Originally published by Harvard Health.
What is the test?
Ultrasound is a painless way to show a fetus in the uterus. The test uses sound waves and a type of sonar detection system to generate a black-and-white moving picture on a TV screen.
Fetal ultrasound is useful for determining your pregnancy due date and evaluating the health of the baby and its position. It can show some but not all birth defects (for example, it can show some cases of spina bifida. Although some findings on ultrasound are used in screening tests for Down syndrome, it cannot by itself diagnose Down syndrome). It is also useful for diagnosing twins and can sometimes show the sex of your baby.
How do I prepare for the test?
Early in the pregnancy, you may be asked to drink several glasses of water an hour before the ultrasound so that the uterus can be seen more clearly (a full bladder moves the intestines out of the way). Later in the pregnancy, the uterus has grown sufficiently in size so that this is not necessary.

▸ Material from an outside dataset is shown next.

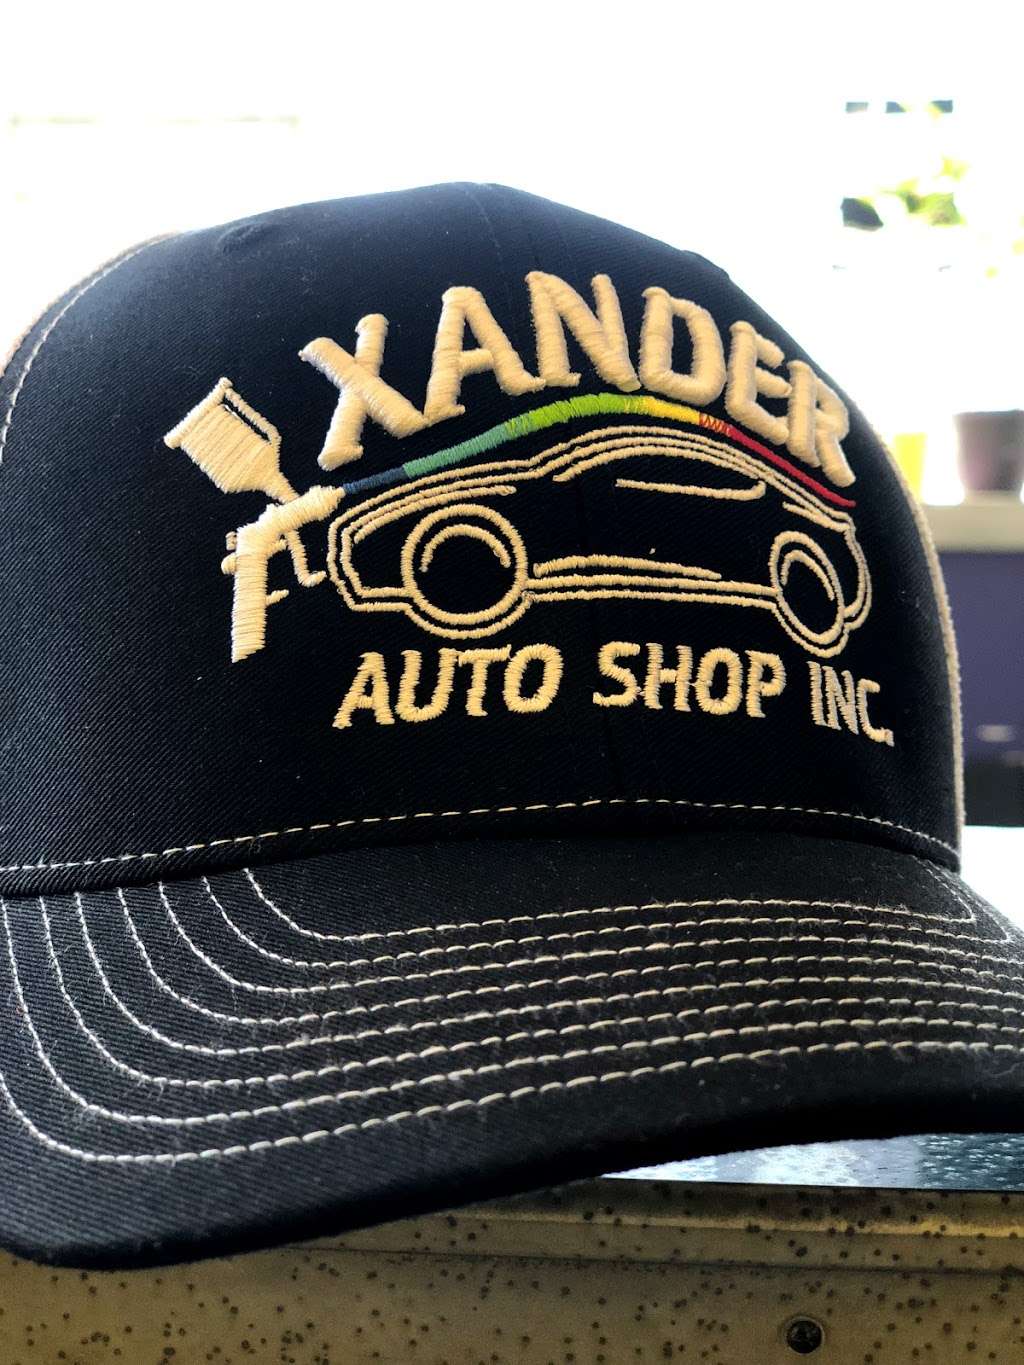 Xander Auto Shop | 3101 Ridgeland Ave, Berwyn, IL 60402, USA | Phone: (708) 484-9005
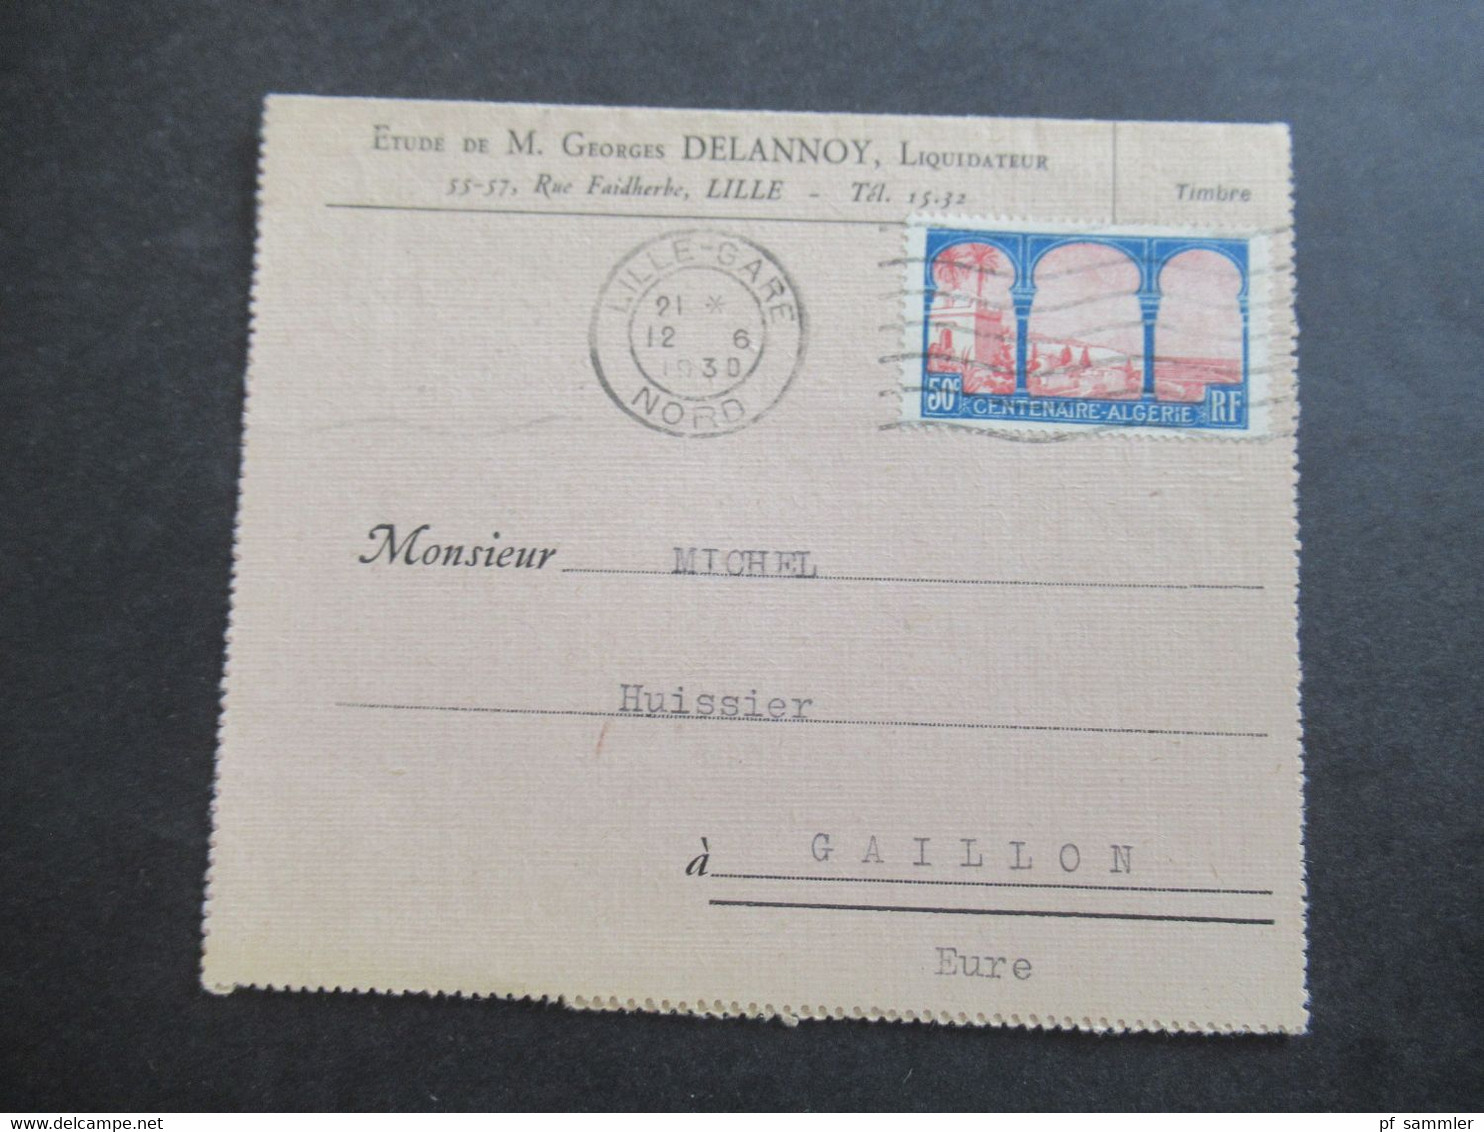 Frankreich 1930 Centeaire Algerie Kartenbrief Etude De M. Geotges Delannoy, Liquidateur Lille Nach Gaillon Gesendet - Lettres & Documents

What happens when the test is performed?
You lie on your back on a table for the test. A technician or doctor first squirts some clear jelly onto your lower abdomen to help the ultrasound sensor slide around easily, and then places the sensor against your skin. The sensor looks like a microphone. When the sensor is in place, a picture appears on a TV screen, and the technician or doctor moves the sensor back and forth on your abdomen to see the fetus from many different views. Depending on the age of the fetus, the heartbeat, movement of arms and legs, and many of the internal organs may be seen.
What risks are there from the test?
There are no risks to either the mother or the fetus from ultrasound.
Must I do anything special after the test is over?
The jelly is wiped off. There are no side effects from the test.
How long is it before the result of the test is known?
Depending on whether the person doing the test is a doctor or a technician, you might be able to get a few results of your test immediately. You may even be given a printed picture of your baby as seen by ultrasound, to take home. The test is recorded on a videotape; a radiologist can review the tape and report to your doctor, a process that might take a day or two.